Russian Economy Shrinks Less Than Forecast as Crisis Peters Out

  • GDP dropped 0.6% last quarter, the least since recession began
  • Hurdles for recovery include cheaper oil, weak consumer demand

Russia’s economy shrank the least since a contraction began at the start of last year, putting it on the cusp of exiting the longest recession in two decades.

Gross domestic product lost 0.6 percent in the second quarter from a year earlier after a decline of 1.2 percent in the previous three months, the Federal Statistics Service said on Thursday, citing preliminary data. That was better than all but four forecasts in a Bloomberg survey of 19 economists, whose median estimate was for a 0.8 percent drop.

The challenge for the world’s biggest energy exporter now is to gain traction as consumer demand continues to sag and oil remains in a bear market after closing below $40 a barrel last week for the first time in almost four months. Russia may now be approaching a turning point as capital-intensive businesses come to life after a record drop in investment that followed the collapse in crude prices.

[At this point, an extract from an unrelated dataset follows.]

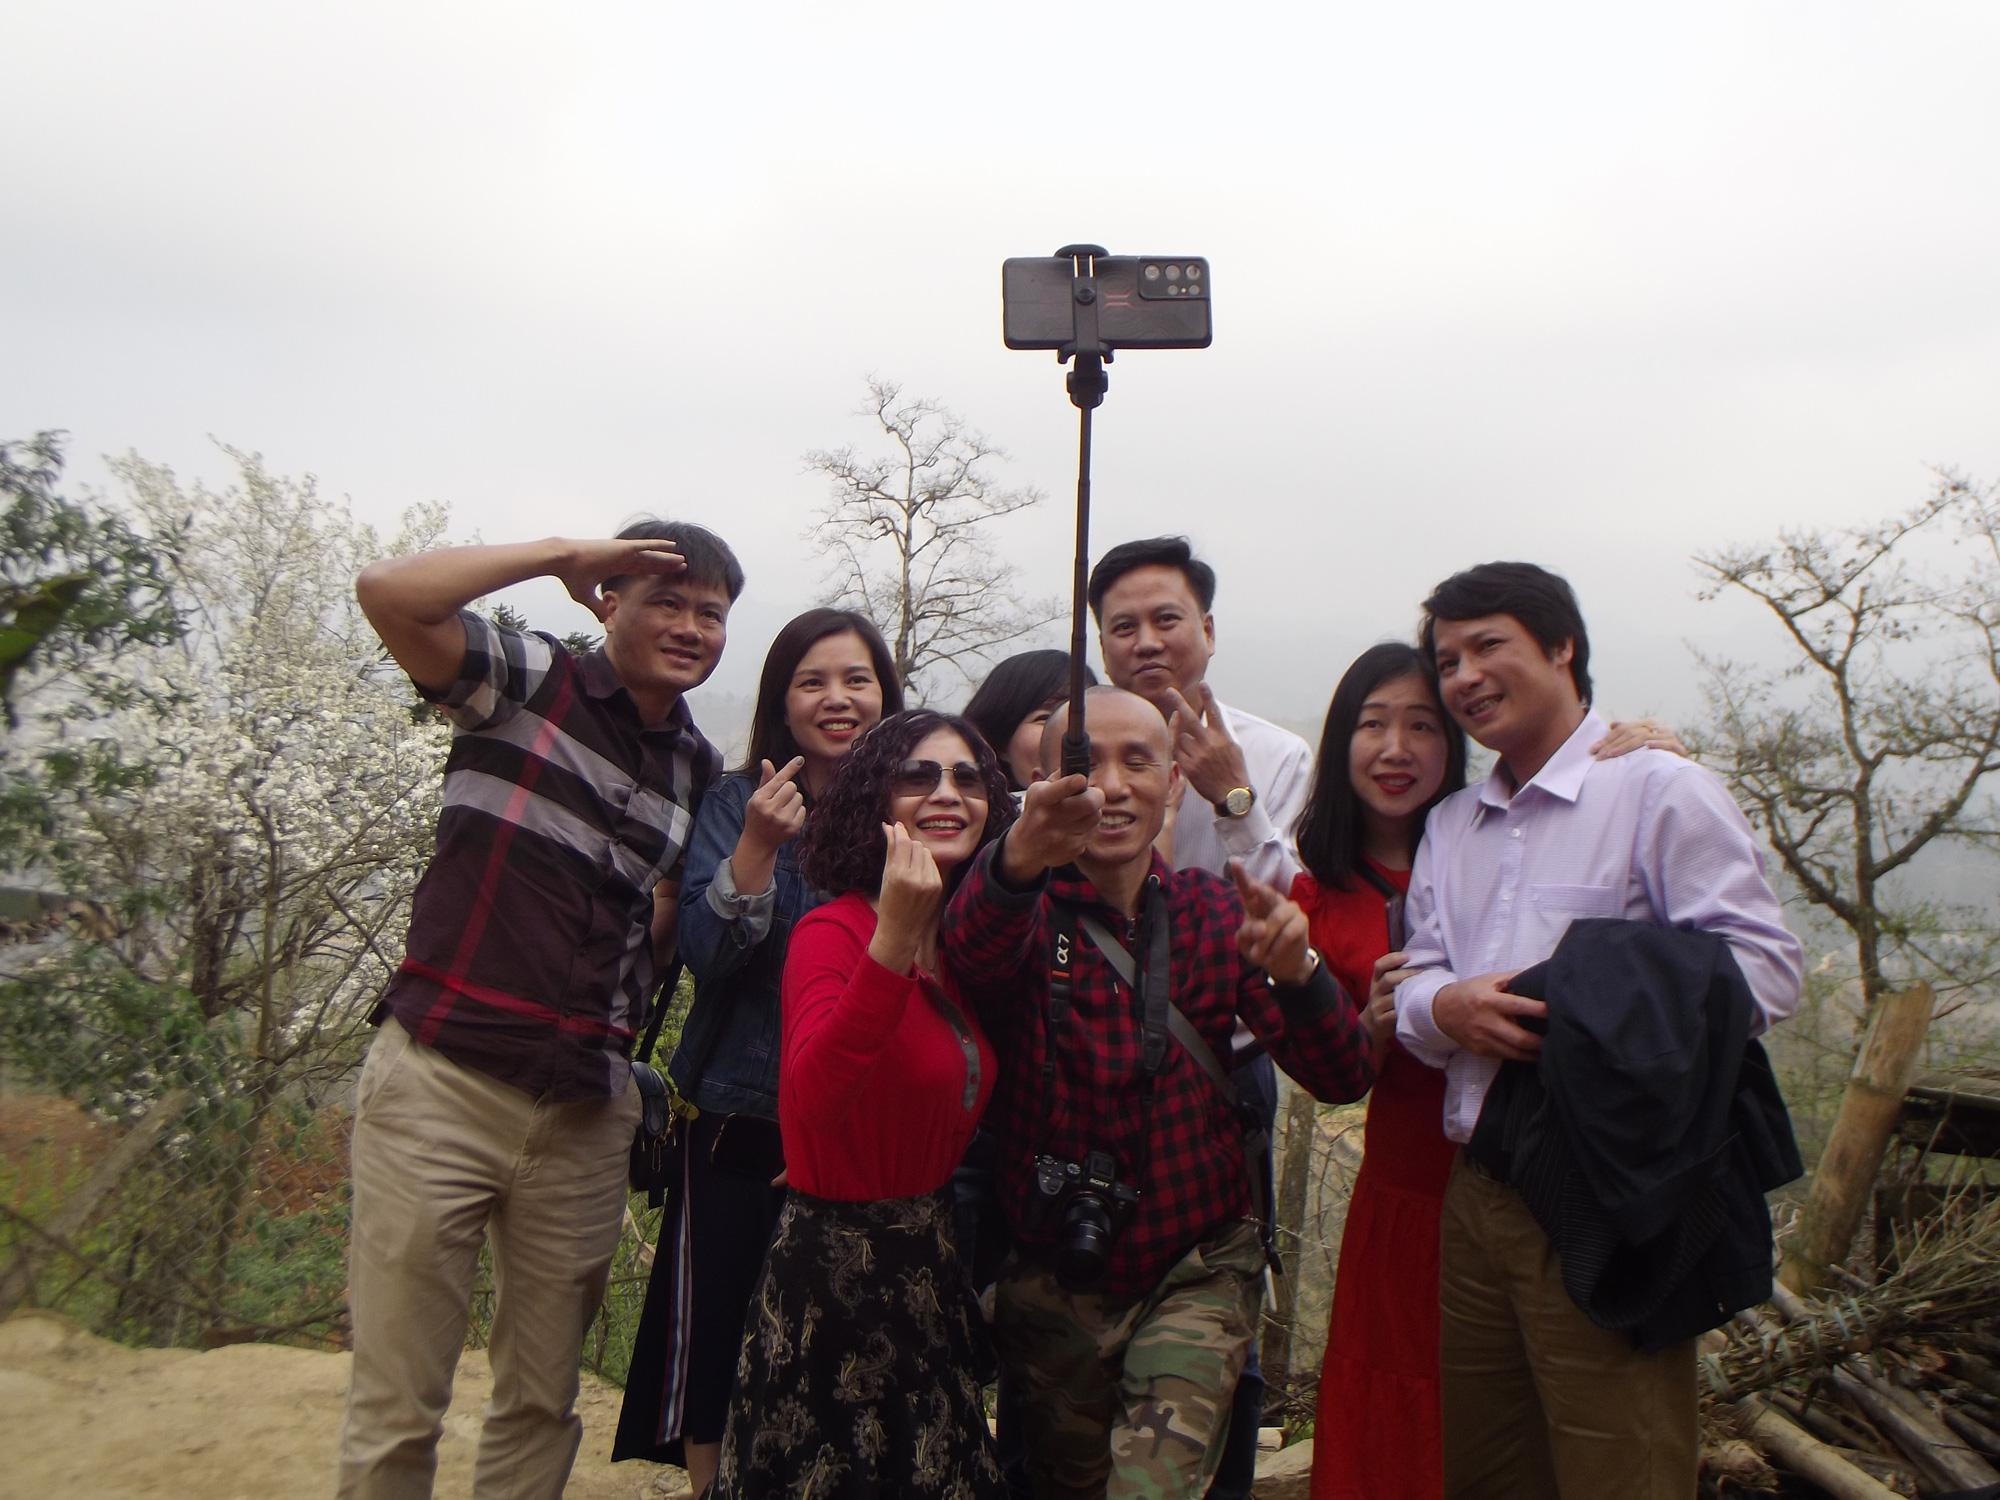 Lào Cai: Du khách đổ xô đến ngắm 3 cây lê cổ thụ, mọc trắng xóa sau nhà trình tường ở Bắc Hà - Ảnh 7.

“Russia is not out of the woods yet,” Cristian Maggio, the London-based head of emerging-market research at Toronto Dominion Bank, said before the data release. “So after the recovery, the risk is a long period of quasi-stagnation.”

Investor Appetite

The improving outlook is driving appetite for Russian assets. The ruble was the second-best performer in emerging markets last quarter with a gain of 4.8 percent against the dollar. It traded little changed at 64.8225 against the dollar as of 3:36.m. in Moscow. Ruble volatility is at the lowest level since 2014, with investors seeking close to four times the government debt tendered at an auction on Wednesday.

Unlike the recessions in 1998 and 2009, which set the stage for sharp rebounds, the economy has been slower to retool this time. With parliamentary elections a month away, authorities are under pressure to ease the plight of households after a currency crisis and a spike in inflation eviscerated their earning power. The government is already running the widest deficit since 2010.

As consumer demand, which powered Russia’s economic recovery in the years after the 2008-2009 crisis, continues to languish, agriculture, industry and transport carried Russia last quarter, according to the Economy Ministry, which also estimated that GDP lost 0.6 percent.

‘Slow Growth’

Central bank Governor Elvira Nabiullina in June put Russia’s potential growth at no more than 2 percent in the medium term and called for improving the business climate and structural reforms to harness the nation’s potential. GDP may expand 0.4 percent in the third quarter from the previous three months, according to the central bank’s research and forecasting department.

“Expectations for the beginning of a slow economic recovery in the third quarter have strengthened,” it said in a report on Monday. “The economy is expected to enter a trajectory of slow growth in nearest months if there’re no new external shocks.”